Blue Condor: Gliding into the next generation of flight
Airbus has engaged full throttle towards its goal of introducing the first commercially-available, hydrogen-powered aircraft. With this goal in mind, Airbus recently launched the Blue Condor, two modified Arcus gliders that will soar up to 33,000 feet to analyze hydrogen combustion’s impact on contrails in three separate missions. The initiative, developed by Airbus UpNext, will provide critical information on aviation’s non-CO2 emissions, including contrails and NOx, in advance of the ZEROe demonstrator flight testing.
The gliders used are something of an anomaly in the world of sailplanes. In addition to its 20-meter wingspan, it has a retractable PBS TJ-100 jet engine that assists the glider when self-launching and on longer flights. For Blue Condor, one glider will possess a hydrogen-propulsion system replacing the rear pilot seat, and two 700-bar gaseous hydrogen tanks will fuel the turbojet hydrogen combustion engine. The other glider will have a conventional kerosene-powered engine, allowing comparisons to be made between the composition of the contrails.
The project is the brainchild of Colombian-born Airbus UpNext engineer, Jose Alejandro Diaz Vides.

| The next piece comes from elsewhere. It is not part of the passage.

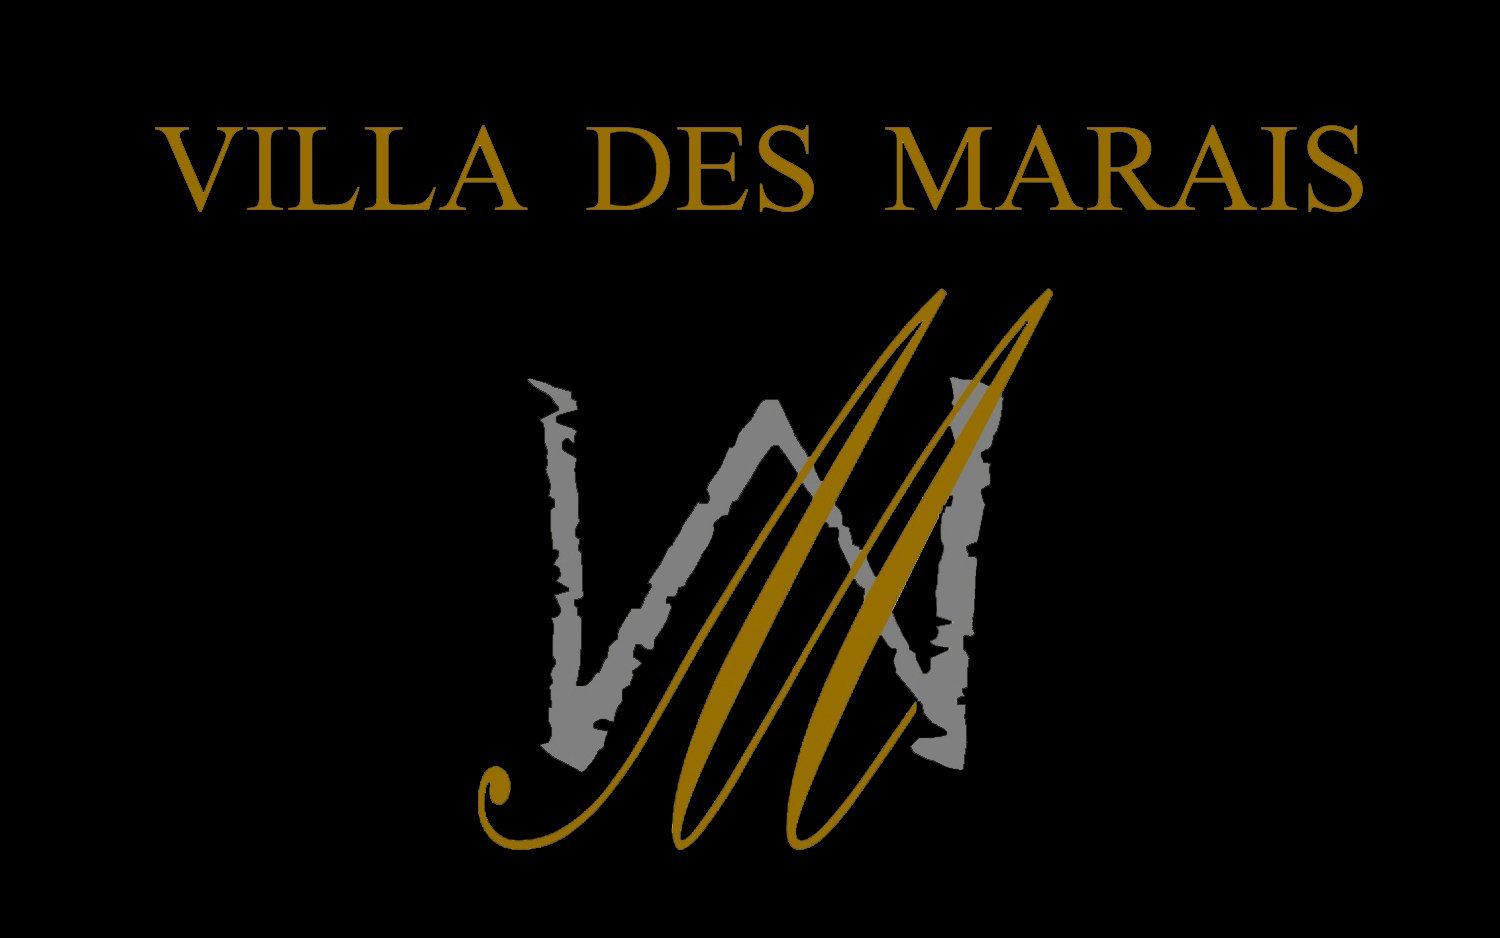 www.villa-des-marais.com
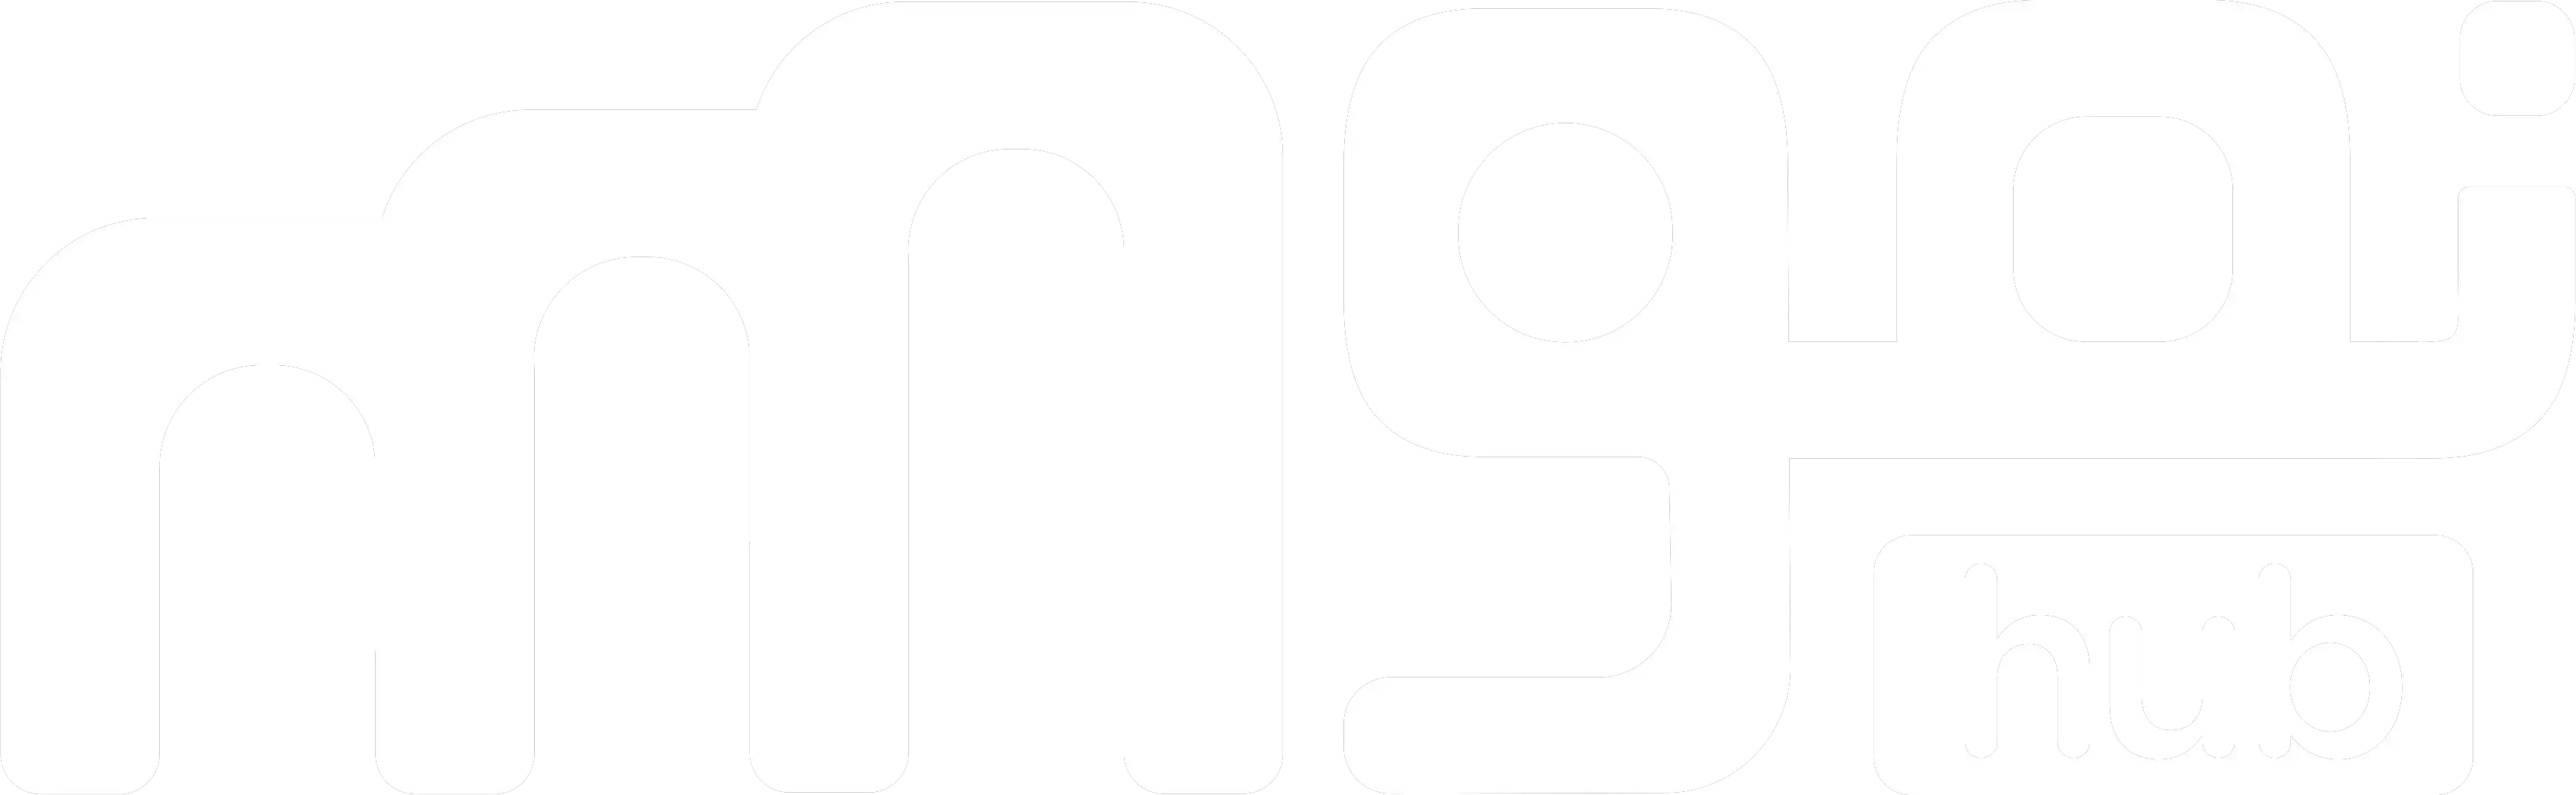 Nmohub logo

Jose Alejandro is originally from Cartagena, Colombia and moved to Braunschweig, Germany to complete his B.Sc. and M.S.c. in aeronautical engineering.
“It’s important that we encourage awareness on how a new generation of engineers and scientists can contribute to decarbonization within aviation and other sectors - it’s truly an inspiring project,” Jose remarked about Blue Condor.
Jose’s expertise on these topics goes beyond aviation, he is passionate about alternative sources of energy. He works closely with Light Up a Life, a cooperation agreement between WindAid Institute, INP Toulouse and Airbus, with additional assistance from the Universidad Nacional de Colombia. The cooperation agreement brings interns and volunteers together to build and install wind turbines in rural Peruvian communities.